Sunday News (Lancaster, Pennsylvania)
March 15, 2009

HEADLINE:  Stressed Out; Students, Teachers And Parents Feel It As They Are About To Be Tested By the State's Measuring Stick for Schools – The Pssas Reputations On Line Unhappy Vibe Pssa Hype


By Suzanne Cassidy

Darlene Taylor said she looked at her calendar recently, saw that March 16 was approaching, and, "It was like, oh, here we go ..."

March madness - of the academic kind - is on its way.

Beginning this week, Pennsylvania students in grades three through eight, as well as grade 11, will be immersed in Pennsylvania System of School Assessment testing, usually referred to simply as the PSSAs. For roughly seven hours, students will be filling in bubbles on strictly guarded, carefully administered, standardized tests.

Students in grades five, eight and 11 took the writing PSSA last month. A science PSSA will be given to students in grades four, eight and 11 next month.

In March, however, it's all about reading and math assessments, the main event on the testing schedule. These are the tests that weigh heavily in determining whether a school has made Adequate Yearly Progress (or AYP, in the alphabet soup of educational jargon).

These are the tests for which schools have been preparing for months. They've drilled and prepped students; they've offered tutoring sessions and practice tests.

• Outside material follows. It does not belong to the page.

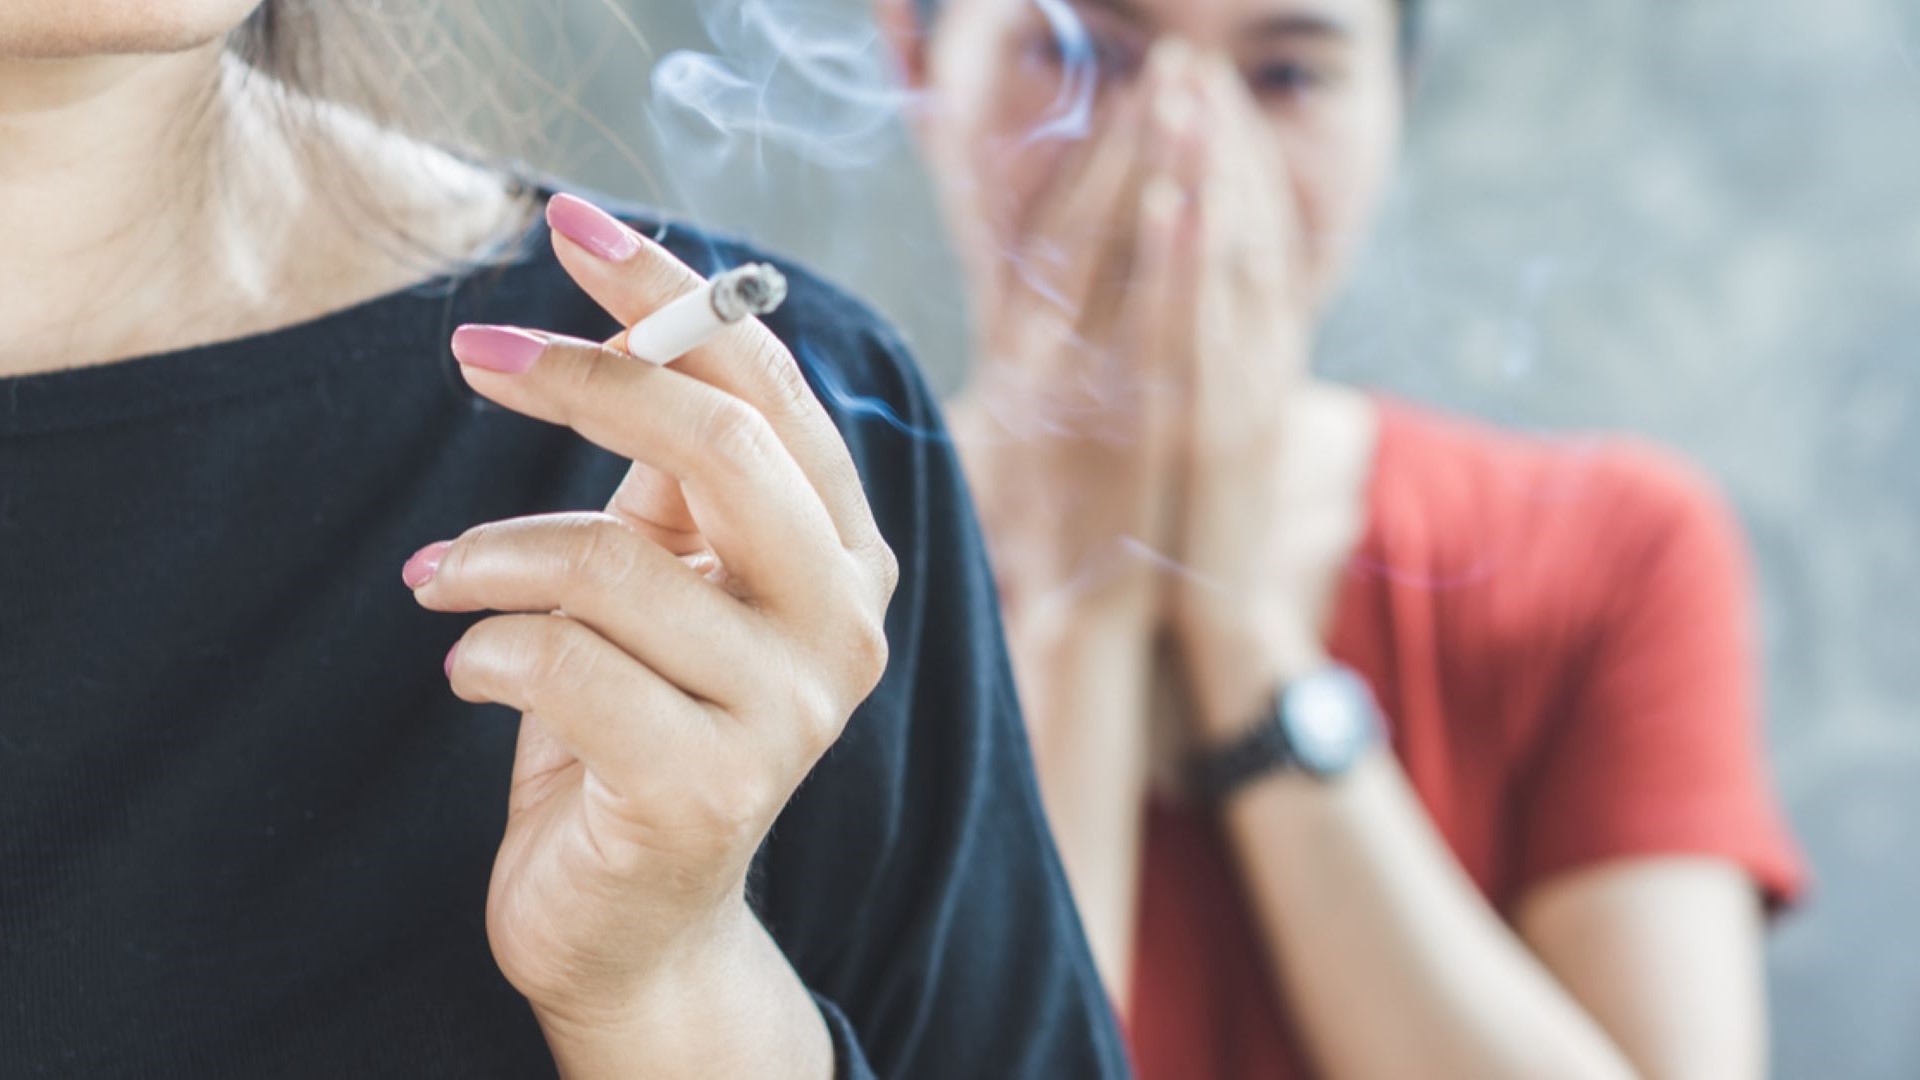 mitos del tabaco que debes conocer

These are the tests that have loomed before them all year. These are the tests that, according to educators, parents and students alike, seem to transform usually cheerful, lively schools into somber, anxious places, in the hours while testing lasts.

Nearly all students - whether they speak English fluently, whether they have learning challenges - take the PSSAs. There is an alternate test, known as the PASA, but it's taken by a mere fraction of students with significant cognitive disabilities.

At many elementary schools, teachers try to lighten the mood with snacks and fun activities after each day's testing concludes, but even so, PSSA season itself has become a test - of endurance and mental fortitude.

A "real anxiety-driven, difficult cloud" can come over a school, especially if that school didn't fare well in the previous year's testing, said Jane Bray, dean of the School of Education at Millersville University.

Bray said it's become clear that the PSSA testing is "very overwhelming for everyone. ... We hang every hat in the house on this test."

She said she worries "about the culture that is created at these times. ... So much is riding on this. It's high-stakes testing, as they say."

The reason PSSAs are such a serious business is simple: School districts know that their reputations - and ultimately, their hold on their students, their funding, and even their own schools - depend on students' performance on the tests. When former President George W. Bush signed No Child Left Behind into law in 2002, he was seeking to ensure that schools would be held accountable if they failed to ensure the success of all of their students.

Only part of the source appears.